Fitting neatly into all of the above is the humble automobile, which seems to be morphing into an almost unrecognizable entity. While more car giants are committing to going all-electric or hybrid, upstarts such as Byton are setting out to transform cars into next-generation “smart devices.” The company, which was cofounded by two German former BMW executives in 2016, is headquartered in China, and it announced $500 million in fresh funding and debuted its second concept vehicle, the Byton K-Byte, at CES Asia last week.

Byton is tooling up to launch an all-electric vehicle that’s ready for full autonomy, and which sports a gigantic “coast to coast” screen across the front dashboard. The first of these cars is expected to start shipping in late 2019.

Above: Byton display

Smart automobile technology was a key focal point of CES Asia this year. General Motors (GM) offshoot Cadillac lifted the lid on its new Super Cruise technology, which it touts as the first “true hands-free driving technology for the highway,” and is expected to ship in China first with its upcoming Cadillac CT6.

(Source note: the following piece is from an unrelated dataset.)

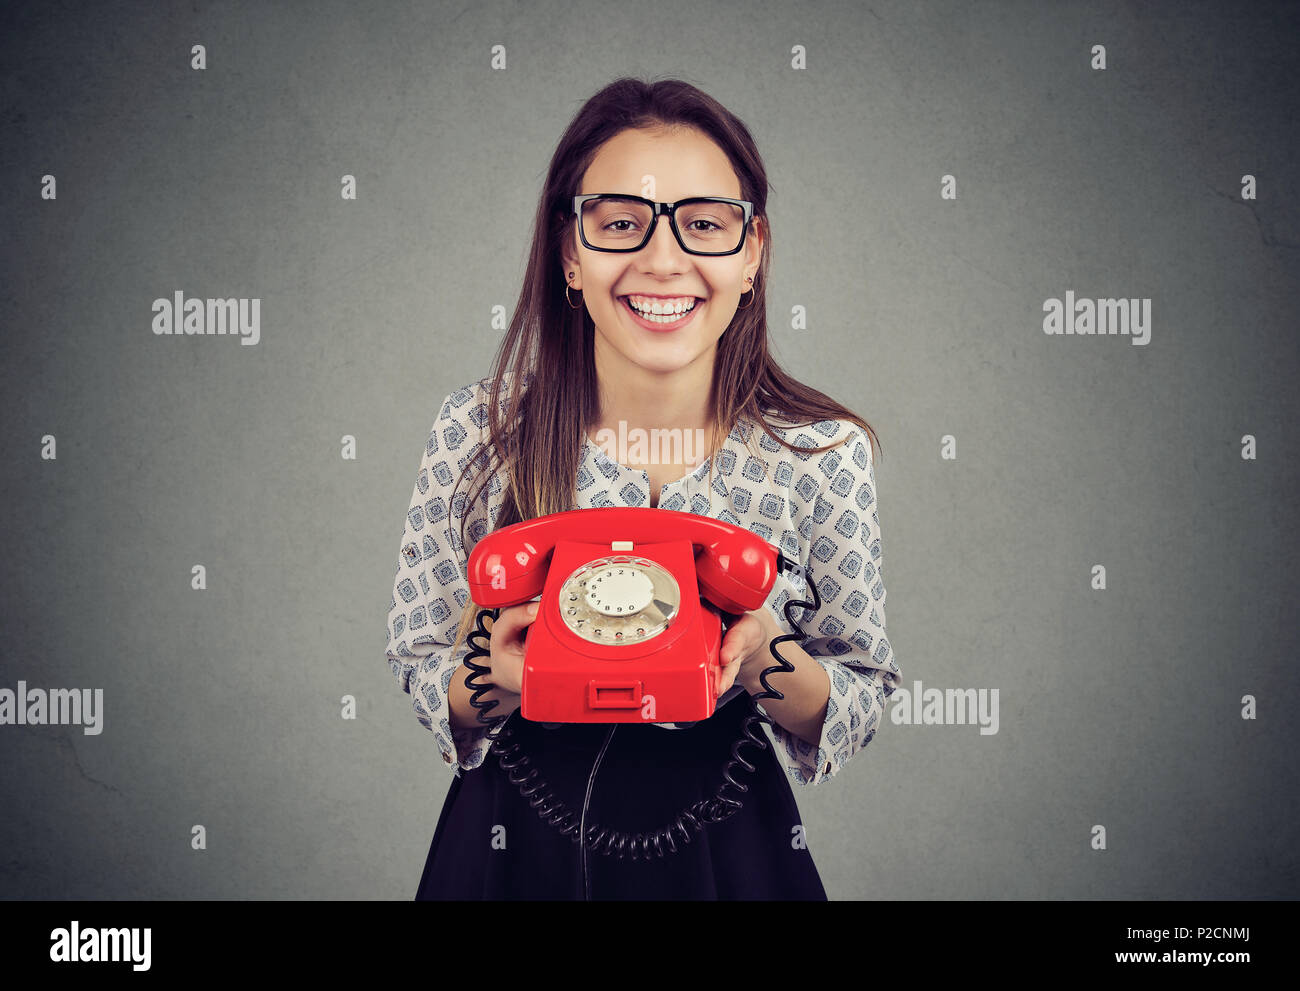 Cute happy woman with retro style red telephone Stock Photo
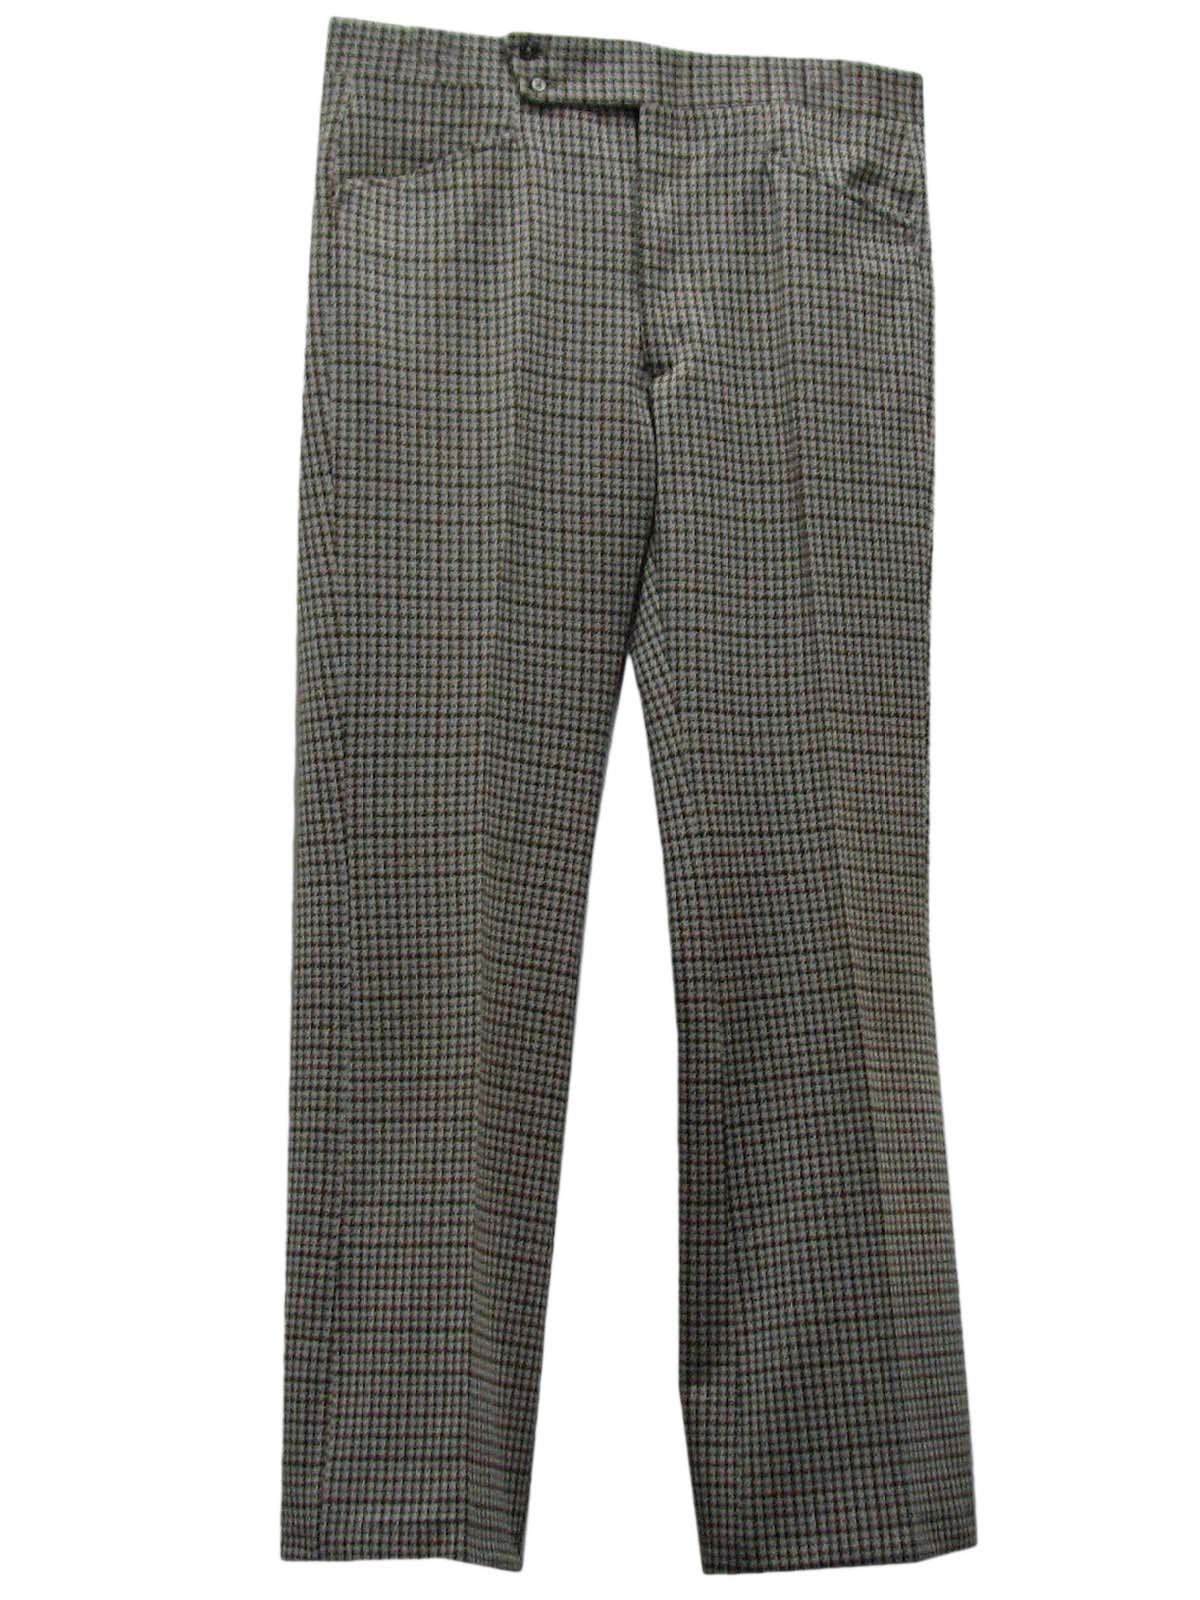 70s Retro Pants: 70s -Haggar- Mens houndstooth polyester doubleknit ...

Above: Cadillac: Super Cruise debuted at CES Asia 2018

In the wake of a number of high-profile crashes involving self-driving cars and abundant reports that robots are out to steal our jobs, the AI community has a lot of work to do if it’s to convince the world that AI is a power for good. And one of the areas it could build trust in is showing how it could increase safety on the roads.

“Every year, 1.25 million people die in car crashes and more than 2 million people are injured around the world,” said Lyndon Lie, chief engineer of the Cadillac CT6. “Human error is a major contributing factor in 94 percent of crashes. General Motors, through its vehicles and technologies, has a responsibility to help alleviate this and other important societal concerns. GM’s vision is a world with zero crashes. Super Cruise is a major step forward on our evolutionary path toward that worthy objective.”

What about blockchain?

So there was nothing particularly surprising in terms of the broad trends that emerged from CES Asia, but there was one area that arguably didn’t get as much attention as one might otherwise have expected. And that’s blockchain.

While several sessions did touch on the subject, blockchain technology was not a prominent fixture of the CES Asia event, even though — judging by the pitches that fly into my inbox — it’s perhaps the hottest thing on the menu next to artificial intelligence. But the feeling I get is that blockchain is still at a very early stage, and companies are figuring out the best and most useful real-world use-cases for the technology. Blockchain may be in a hype phase, but that could change quickly.

“I’m expecting that trend [blockchain] to be more present at CES Las Vegas 2019, because brands are starting to use these distributed ledgers, blockchains, trust networks, for a lot of different reasons — but they’re not really keen to talk a lot about how exactly they’re using it,” noted Steve Koenig, VP of market research at the Consumer Technology Association. “I think the reason for that is they’re still trying to figure out what’s the right application — what’s appropriate, what’s not appropriate.”